Do you struggle with snack ideas? We do sometimes, but have found that keeping it simple is usually key. These spicy nuts are a Paleo friendly way to enjoy mixed nuts.
What Is In Those Spicy Nuts?
Have you looked at the ingredients on many packages of nuts and mixed nuts or flavored nuts? Some are better than others, but many of them are roasted in not so good for you oils and often include sugar and other ingredients that seem unnecessary. You will roast these spicy nuts yourself, which means you control all of the ingredients. We chose olive oil for a little extra flavor and kept it simple with some tasty spices and seasonings!
They’re So Addicting
Don’t be surprised when you find yourself venturing back for more! These spicy nuts are super addicting, so be kind to your belly and don’t eat too many, and even consider soaking and sprouting your nuts in advance to make them easier to digest. I like this post that explains why you should sprout and how to do it.
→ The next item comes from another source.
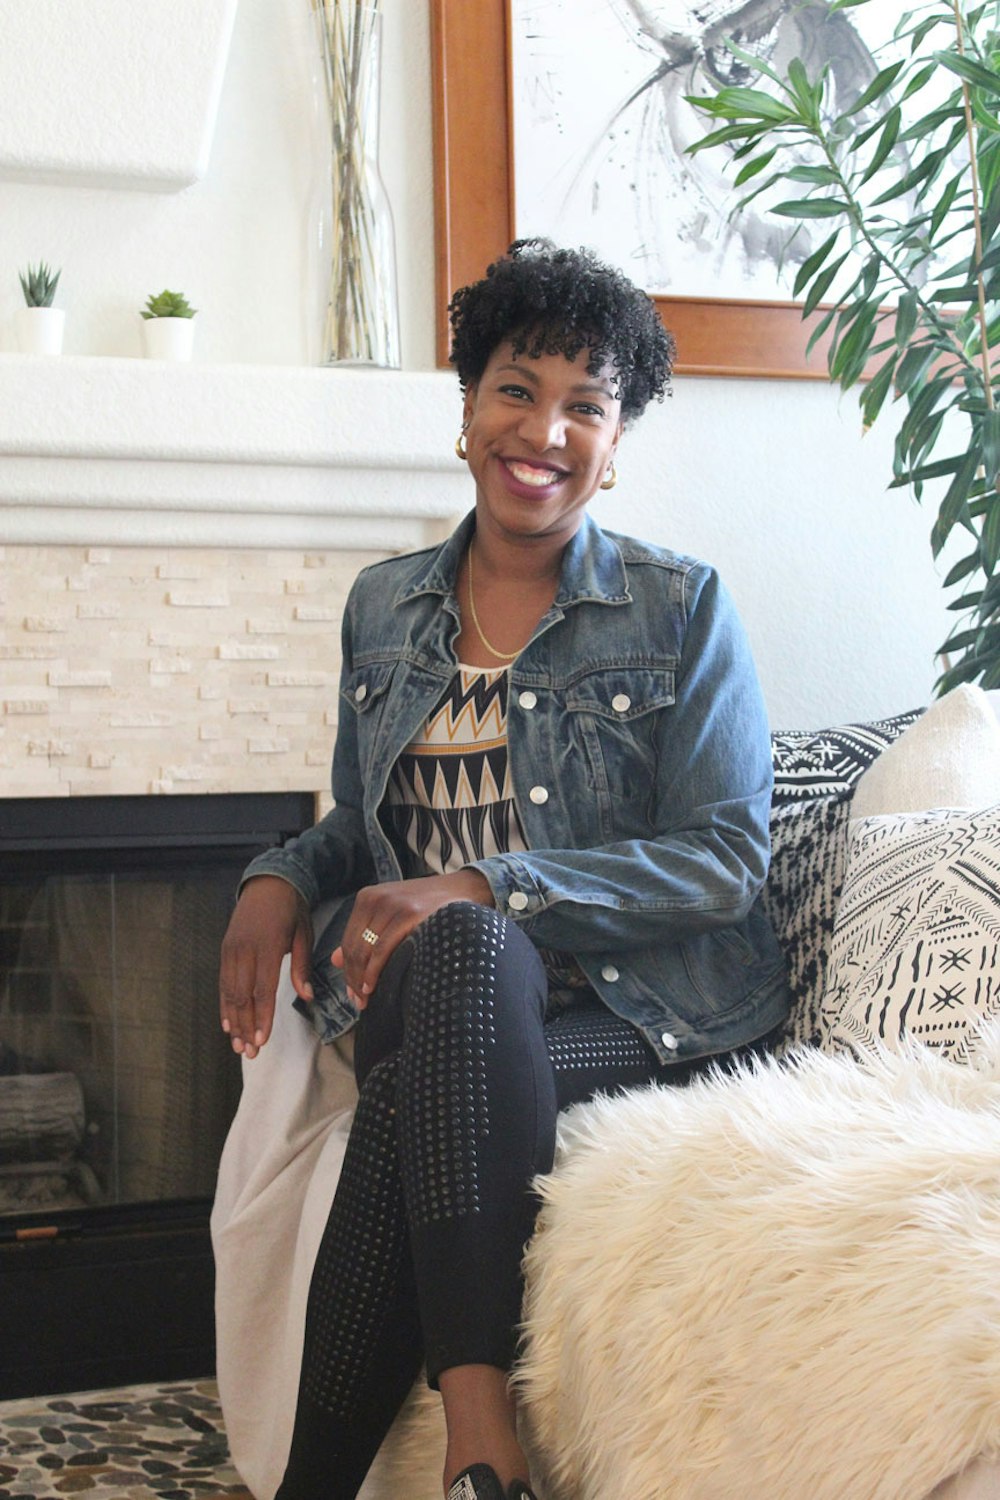 Decorating Burnout Is Real! A Conversation With Interior Design Specialist, Danni Sinclair

Your Turn To Make Our Spicy Nuts
Go ahead and roast a batch of these spicy nuts! They are addicting and a great snack for while you’re out and about on a busy day. Let us know how it goes by leaving a comment below. Also, take a photo and tag us on Instagram @realsimplegood, so we can check it out! You can also find some other yummy snack inspiration in our post – 50 Clean Eating Snacks!
LIKE THIS RECIPE? CLICK HERE TO PIN IT AND TRY IT LATER!
- 1 cup almonds
- 1 cup pecans
- 1 cup cashews
- 1.5 tsp chili powder
- 1/2 tsp garlic powder
- 1/2 tsp cumin
- 1/2 tsp black pepper
- 1/2 tsp sea salt
- 1/4 tsp cayenne pepper
- 1 tablespoon olive oil
Preheat oven to 350 degrees Fahrenheit and line a baking pan with parchment paper. Place nuts in single layer on the baking pan. Place in oven to roast for 15 minutes, turning halfway through.
While nuts are roasting, prepare spice mixture by combining chili powder, garlic powder, cumin, black pepper, salt and cayenne pepper in a small bowl.
Remove nuts from oven and allow to cool. Transfer to a bowl and coat nuts with olive oil, then coat with spice mixture.
Store in an airtight container at room temperature.